* [WHAT THE TASK REQUIRES]:
From the entries below, reproduce exactly the line containing "La nave Tenby", the line containing "Carpenter stonewashed jeans - 1", and every line in between, with nothing added.

* [DATA SUPPLIED]:

--------------------

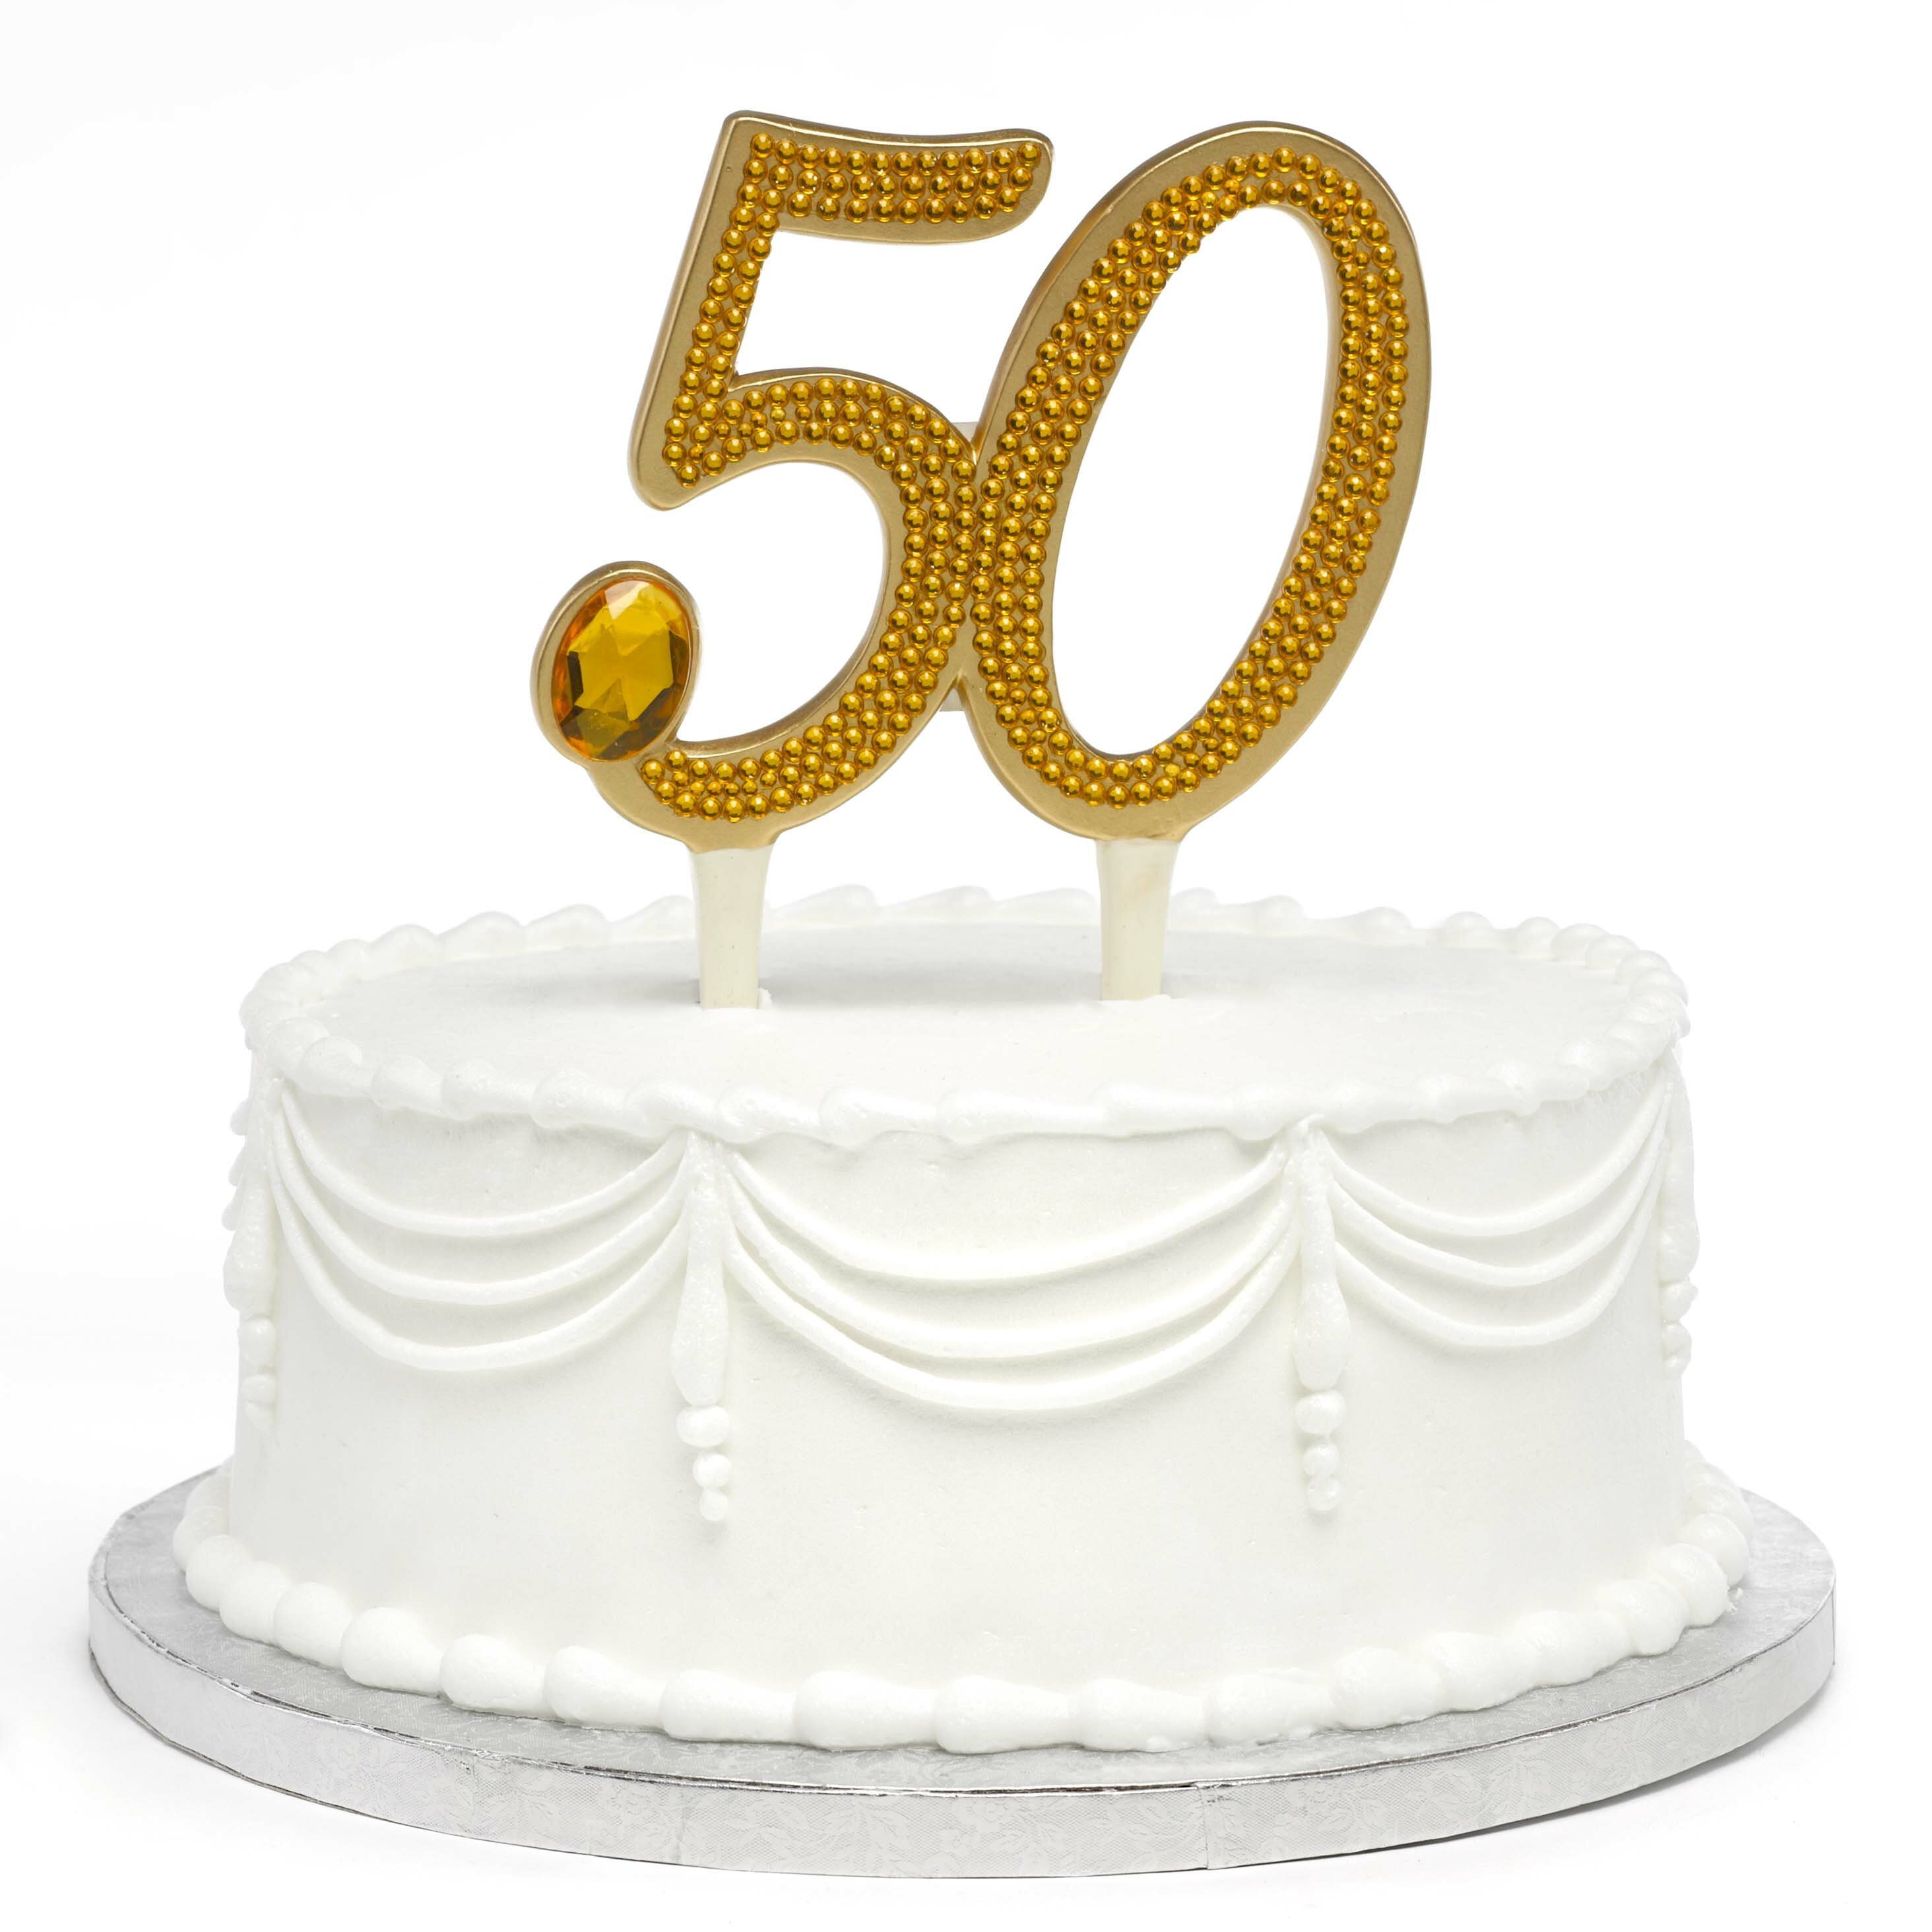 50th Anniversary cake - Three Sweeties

--------------------

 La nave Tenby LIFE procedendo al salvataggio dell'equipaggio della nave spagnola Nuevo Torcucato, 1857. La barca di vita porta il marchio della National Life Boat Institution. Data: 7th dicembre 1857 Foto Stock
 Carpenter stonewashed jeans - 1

--------------------

* [ANSWER BOX]:
 La nave Tenby LIFE procedendo al salvataggio dell'equipaggio della nave spagnola Nuevo Torcucato, 1857. La barca di vita porta il marchio della National Life Boat Institution. Data: 7th dicembre 1857 Foto Stock
 Carpenter stonewashed jeans - 1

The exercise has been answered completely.